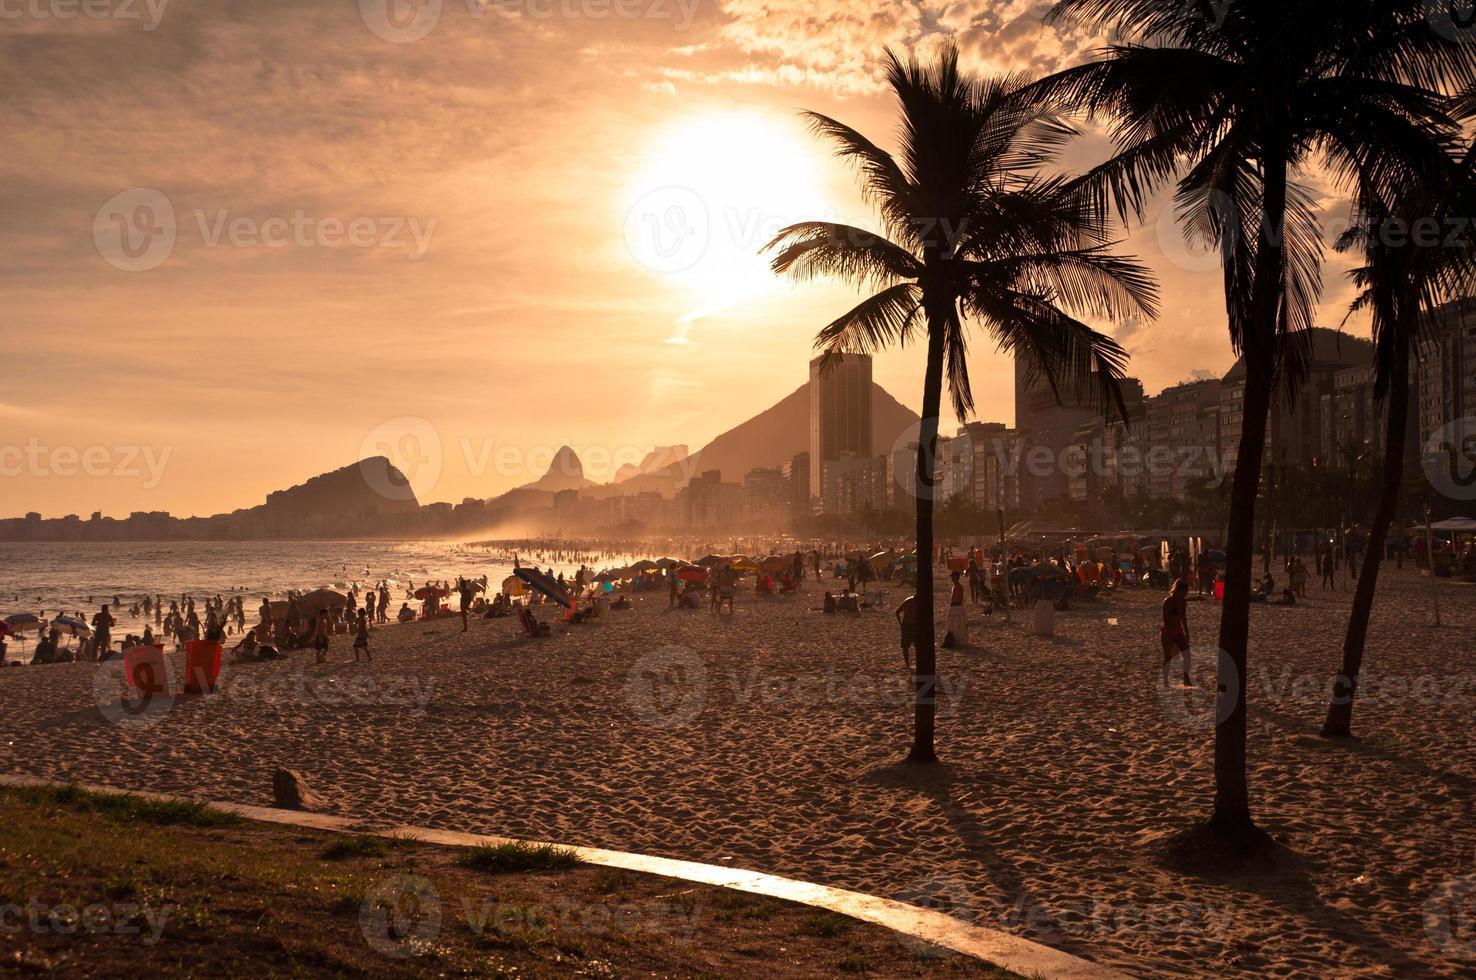 Copacabana Strand bei Sonnenuntergang foto
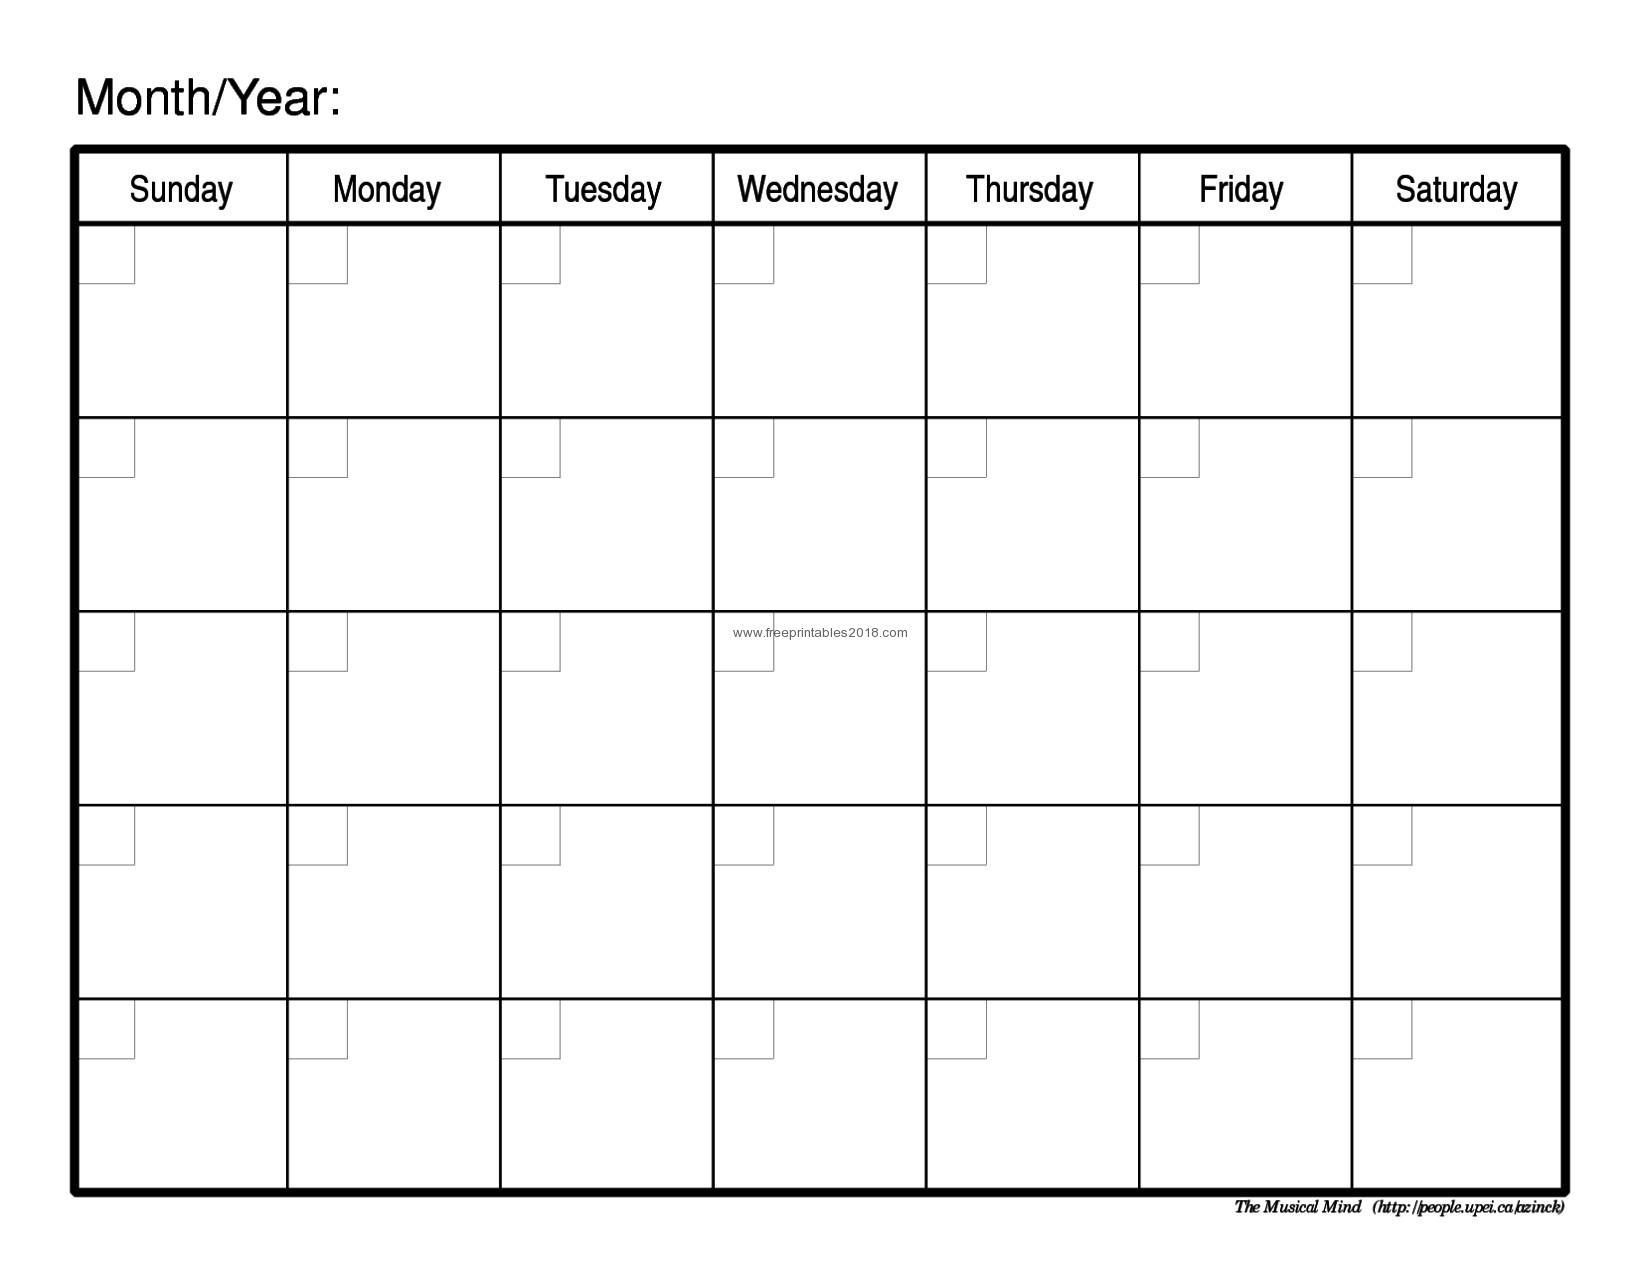 Free Printable Calendar Blank Free Printable Blank Calendar regarding Free Printable Calendar Templates Month
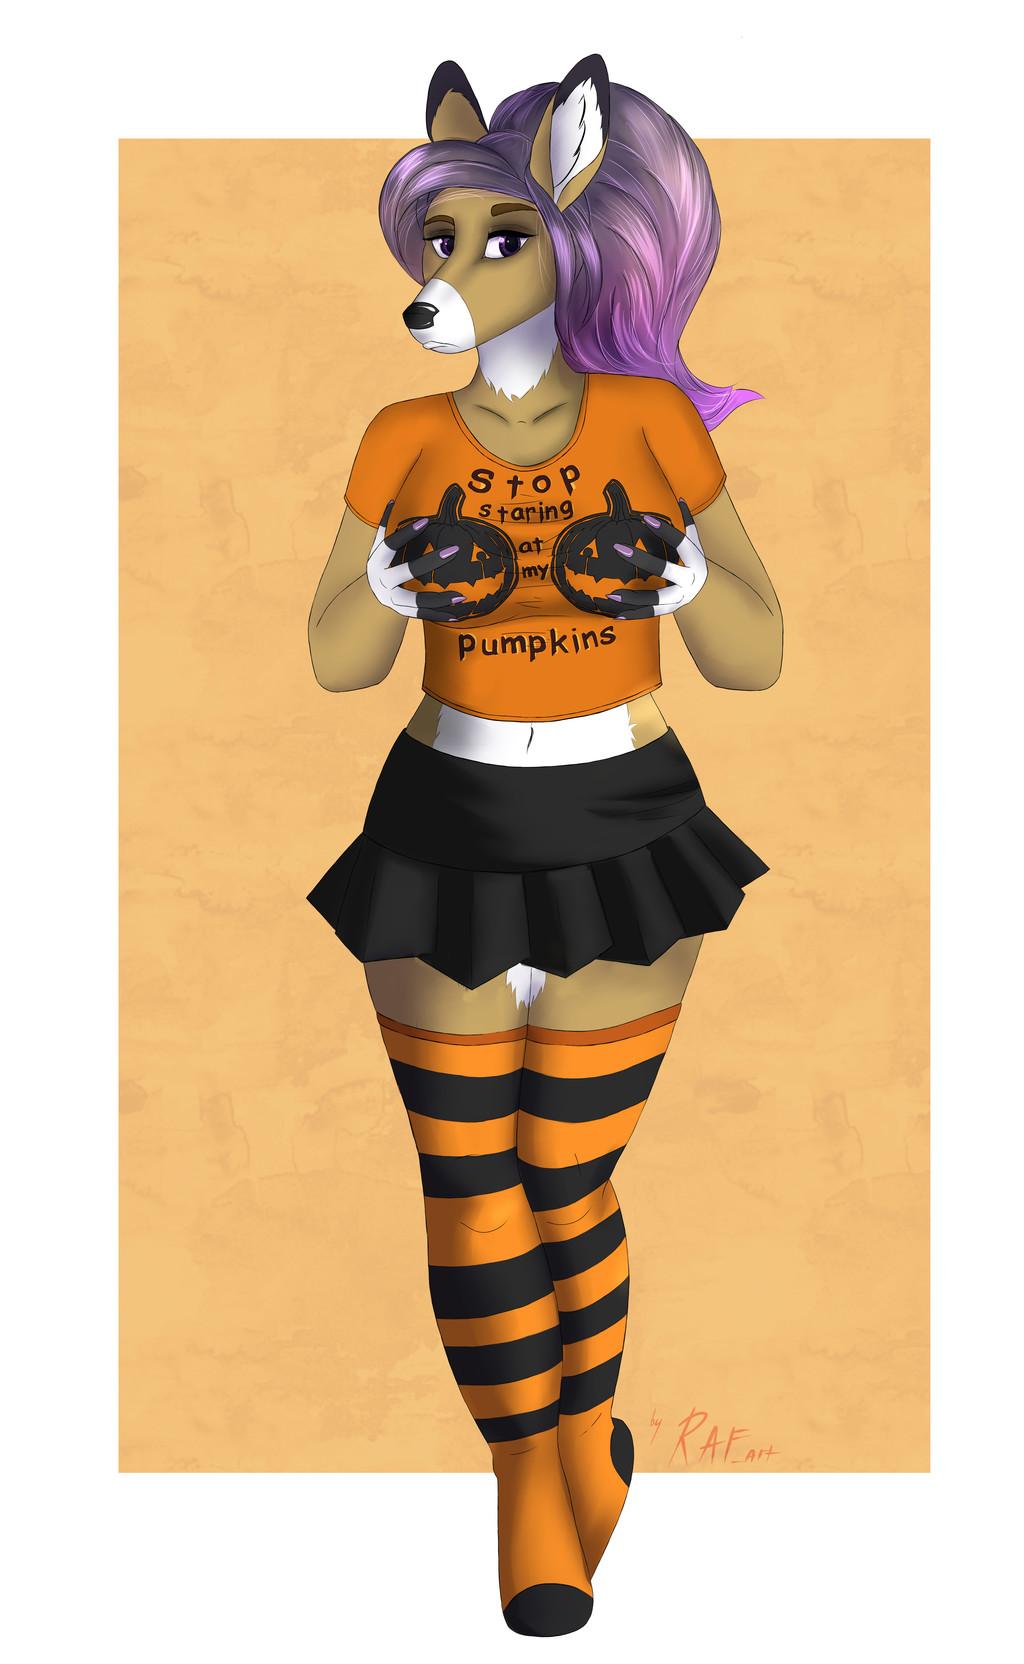 Pumpkin Problems by RAF_art

*EXERCISE*:
Make an exact reproduction of the listing above, without any pictures.

*TASK OUTPUT*:
 Copacabana Strand bei Sonnenuntergang foto
 Free Printable Calendar Blank Free Printable Blank Calendar regarding Free Printable Calendar Templates Month
 Pumpkin Problems by RAF_art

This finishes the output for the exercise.